On Mon, 13 Oct 2025 at 06:20, Xuneng Zhou <xunengzhou@gmail.com> wrote:
>
> Fix indentation issue in v1.
I did not look at the benchmarks, so here are my code comments.
- I would avoid creating a new scope for the streaming read. While it
makes the streaming code easier to interpret, it introduces a large
diff due to indentation changes.
- I suggest adding the following comment about streaming batching, as
it is used in other places:
/*
* It is safe to use batchmode as block_range_read_stream_cb takes no
* locks.
*/
- For the '/* Scan all blocks except the metapage using streaming
reads */' comments, it might be helpful to clarify that the 0th page
is the metapage. Something like: '/* Scan all blocks except the
metapage (0th page) using streaming reads */'.
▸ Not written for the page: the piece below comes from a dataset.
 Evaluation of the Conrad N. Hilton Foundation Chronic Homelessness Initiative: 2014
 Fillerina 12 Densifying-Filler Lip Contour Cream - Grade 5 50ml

Other than these comments, the code looks good to me.
--
Regards,
Nazir Bilal Yavuz
Microsoft
Hi Bilal,
Thanks for looking into this.
On Mon, Oct 13, 2025 at 3:00 PM Nazir Bilal Yavuz <byavuz81@gmail.com> wrote:
>
> Hi,
>
> Thank you for working on this!
>
> On Mon, 13 Oct 2025 at 06:20, Xuneng Zhou <xunengzhou@gmail.com> wrote:
> >
> > Fix indentation issue in v1.
>
> I did not look at the benchmarks, so here are my code comments.
>
> - I would avoid creating a new scope for the streaming read. While it
> makes the streaming code easier to interpret, it introduces a large
> diff due to indentation changes.
>
> - I suggest adding the following comment about streaming batching, as
> it is used in other places:
>
> /*
> * It is safe to use batchmode as block_range_read_stream_cb takes no
> * locks.
> */
>
> - For the '/* Scan all blocks except the metapage using streaming
> reads */' comments, it might be helpful to clarify that the 0th page
> is the metapage. Something like: '/* Scan all blocks except the
> metapage (0th page) using streaming reads */'.
>
> Other than these comments, the code looks good to me.
>
Here is patch v3. The comments have been added, and the extra scope
({}) has been removed as suggested.
Best,
Xuneng
Вложения
Hi Xuneng Zhou
> - /* Unlock and release buffer */
> - LockBuffer(buffer, BUFFER_LOCK_UNLOCK);
> - ReleaseBuffer(buffer);
> + UnlockReleaseBuffer(buffer);
> }
> - /* Unlock and release buffer */
> - LockBuffer(buffer, BUFFER_LOCK_UNLOCK);
> - ReleaseBuffer(buffer);
> + UnlockReleaseBuffer(buffer);
> }
Thanks for your patch! Just to nitpick a bit — I think this comment is worth keeping, even though the function name already conveys its meaning.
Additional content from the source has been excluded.